Both were ready to go home when Catmom returned for them.

Physical Health / Unfuck Yourself:

 - Caffeine - I’m keeping it to 3 today.

 - INR - High - Getting the blood to sort it out was a challenge though. I'm not needlephobic, but my veins are assholes. The poor girl had to poke me twice before she got the blood she needed out of me.

 - Nervous System - My right side muscles were really tight, but not a whole lot was wrong with my spine. I was surprised that my tailbone asked for an adjustment but my sphenoid didn't. The sphenoid is my favorite adjustment because it helps with emotional regulation, and we all know how badly I need that. So with this new med fucking with me, I'm really surprised that the sphenoid didn't request an adjustment as well.

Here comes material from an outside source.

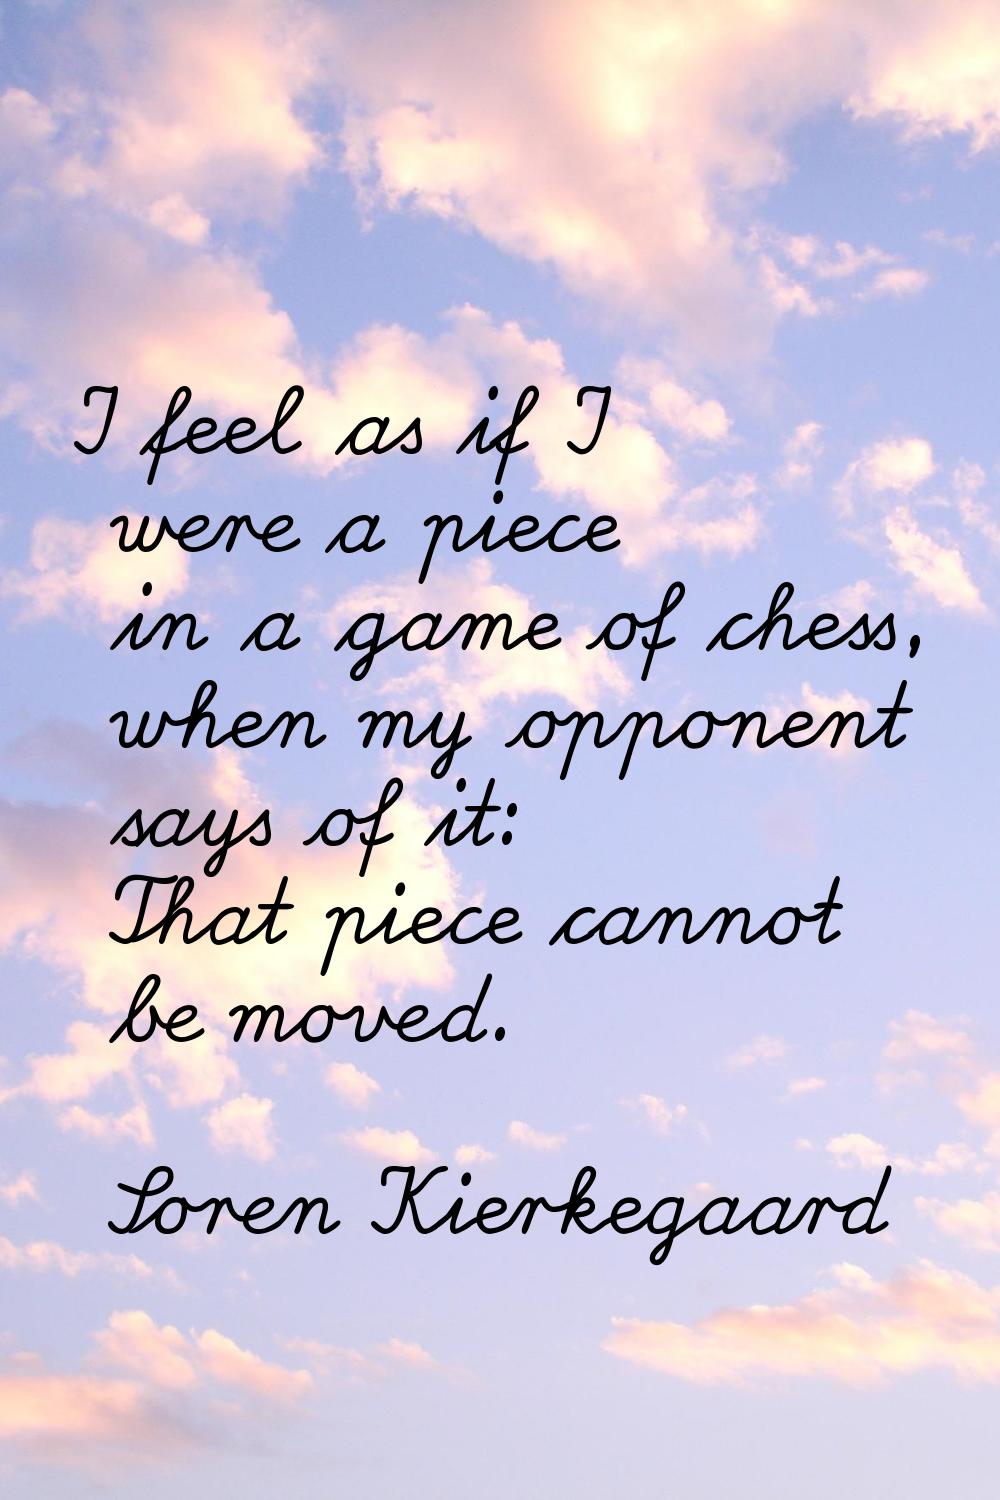 I feel as if I were a piece in a game of chess, when my opponent says of it: That piece cannot be m

The really good thing is that I seem to be staying in better balance. I can see my chiropractor every other week and be okay. That's a huge plus because the insurance companies don't get as squirrelly about shit like that.

Relationships / Family:

 - Bran - I haven't heard a peep out of him lately. And yeah, I know, It's his days off and he can't always get away to send me a message because she's around. But, fucker, you have a bathroom.

 - The Unicorn - OSTARA!

That is all.

Relationships / Sweeties:

[ If you're a reader and having trouble keeping the code named sweeties straight, look up above this entry and below the header. There's a link to a list of names/bio's there. - this is a work in progress, so if you're a sweetie and you don't see your name listed, don't worry, I'll get to you. ]

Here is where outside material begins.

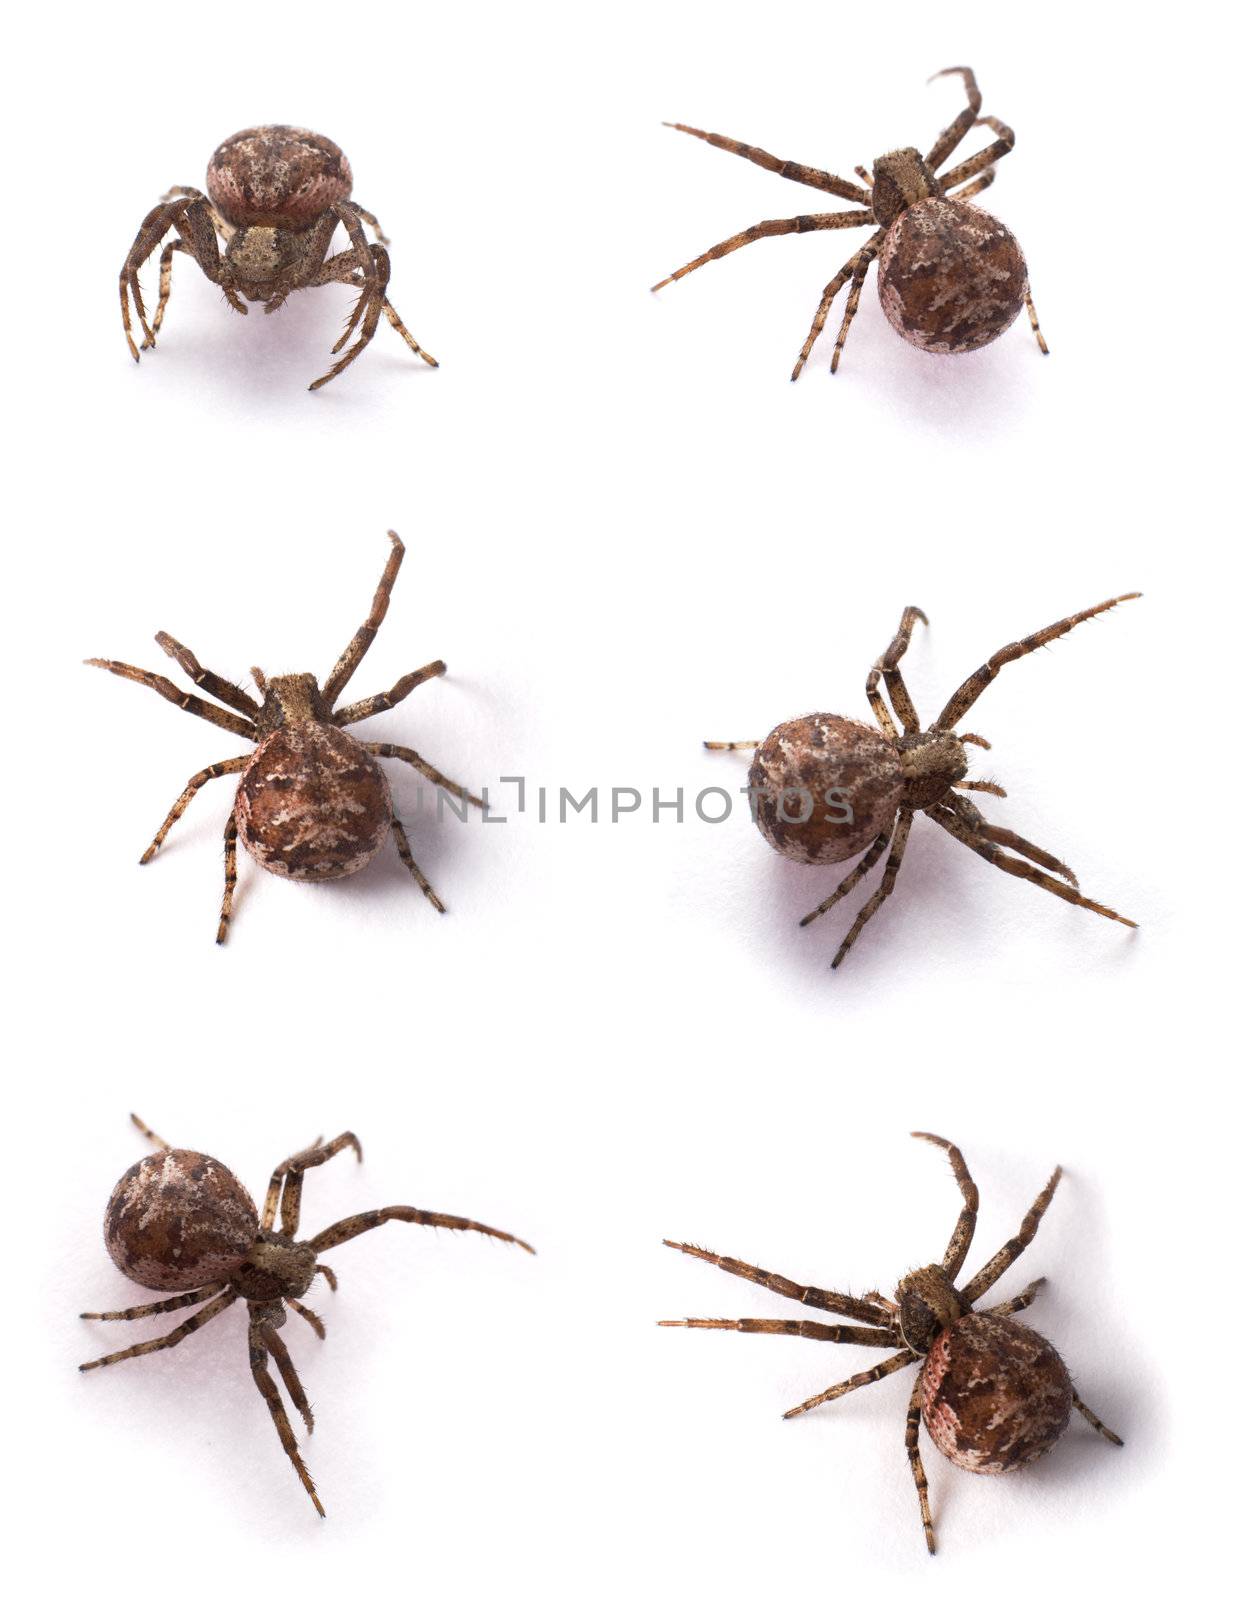 Six yellow spiders on a white background

- Recent Encounters - Yeah, sorry… no dick for you today.

 - Updates on Favorites -

 - Blue Falcon - Nothing new to report.

 - Rain - Nothing new to report.

Relationships / Potentials and Honorable Mentions:

 - The One Timers - Nothing new to report.
 - The Hopefuls - Nothing new to report.
 - Honorable Mentions - Nothing new to report.

Relationships / Former Sweeties:

 - Jasper - He was very helpful in getting a higher word count in my chapter six. But, other than that, things have been pretty quiet there too.

End Notes:

I guess it all just is what it is, you know?

I’m in a way better place today because that dream was incredibly helpful.


I really want to tell Bran about it.